▸ Recorded data
------
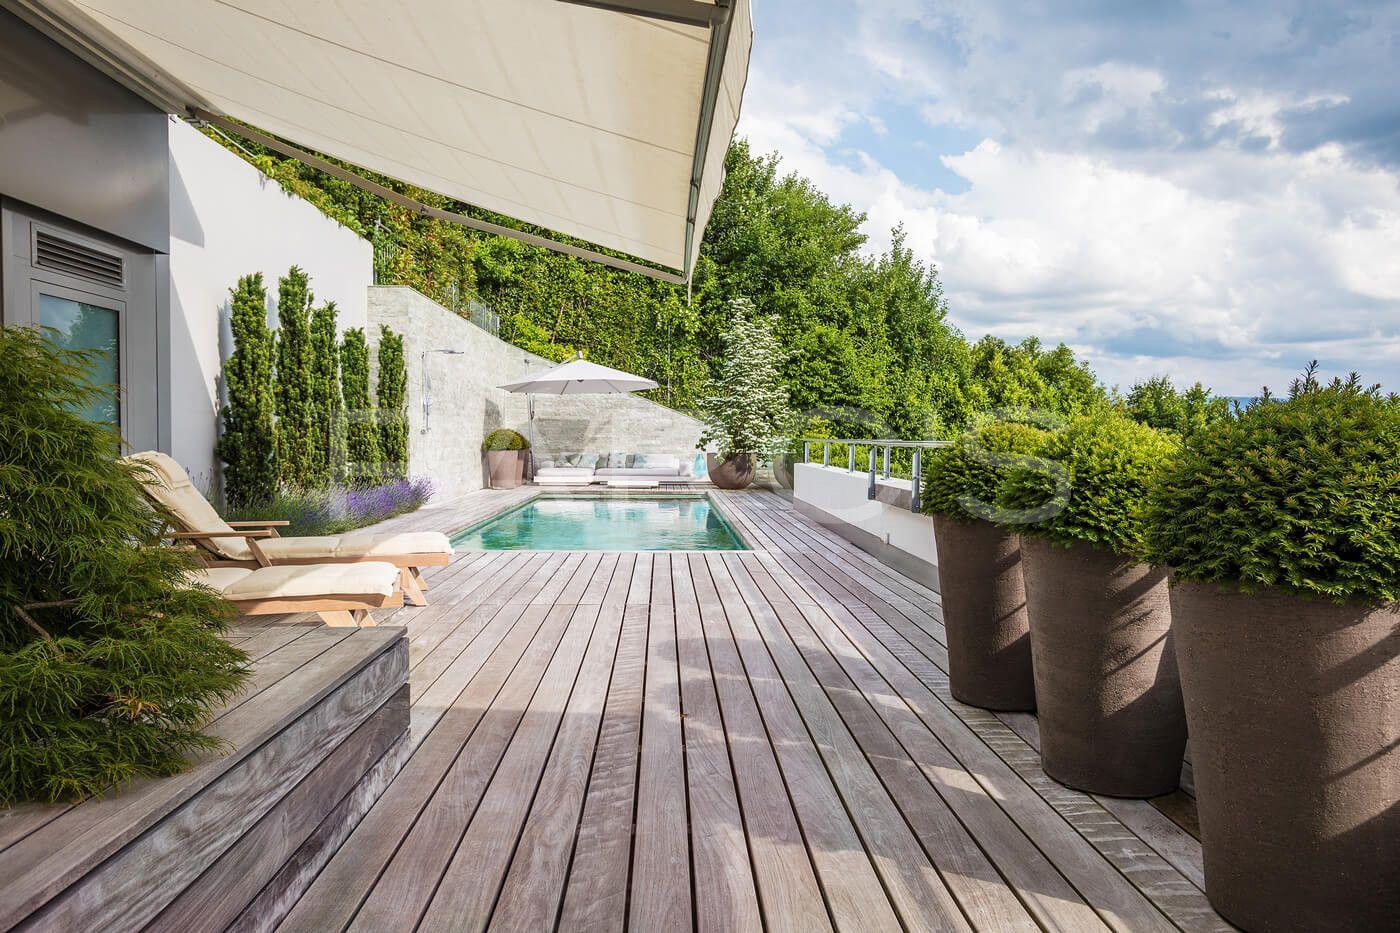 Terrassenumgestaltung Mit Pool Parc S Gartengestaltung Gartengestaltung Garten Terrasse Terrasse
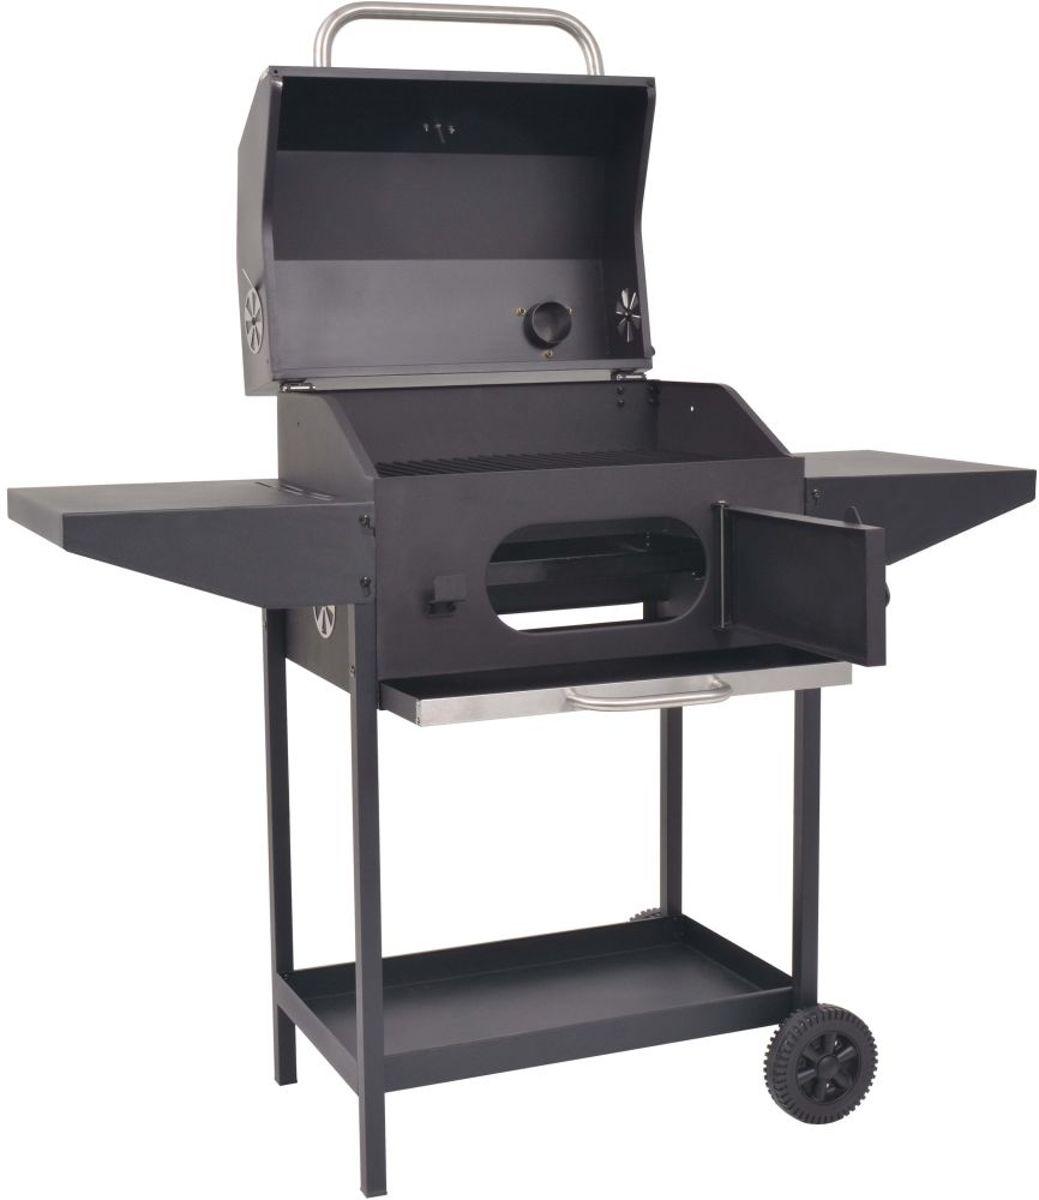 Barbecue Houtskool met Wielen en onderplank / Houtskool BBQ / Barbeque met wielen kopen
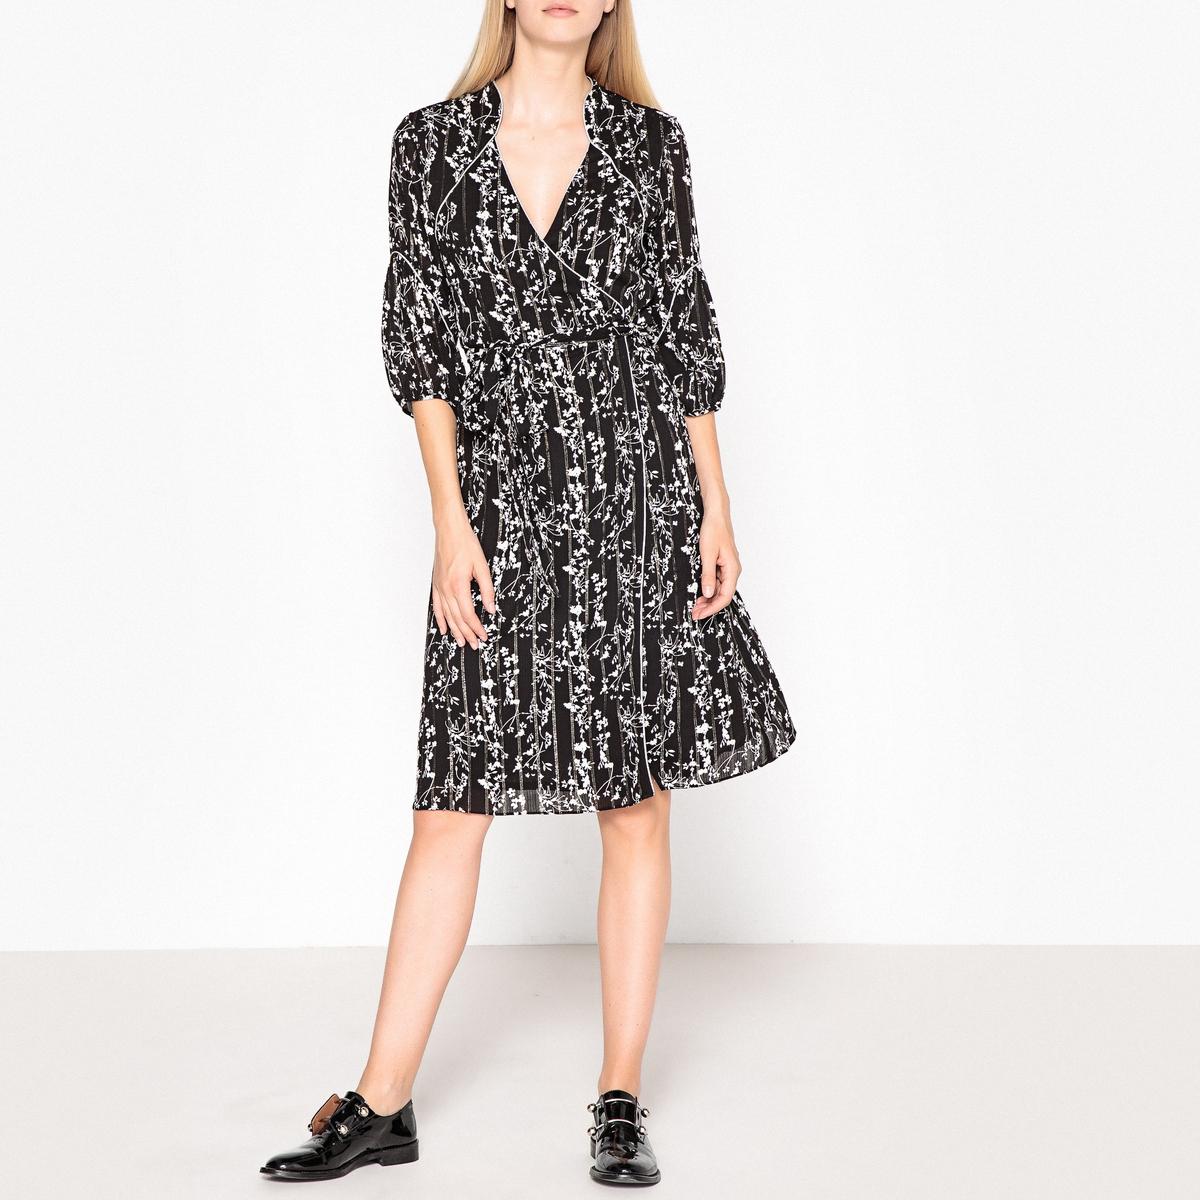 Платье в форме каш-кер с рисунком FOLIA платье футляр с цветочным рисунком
------
▸ Assignment
Set down word for word, from the line that contains "Barbecue Houtskool met" to the end of the listing above, every line and no picture.

▸ Answer to this task
 Barbecue Houtskool met Wielen en onderplank / Houtskool BBQ / Barbeque met wielen kopen
 Платье в форме каш-кер с рисунком FOLIA платье футляр с цветочным рисунком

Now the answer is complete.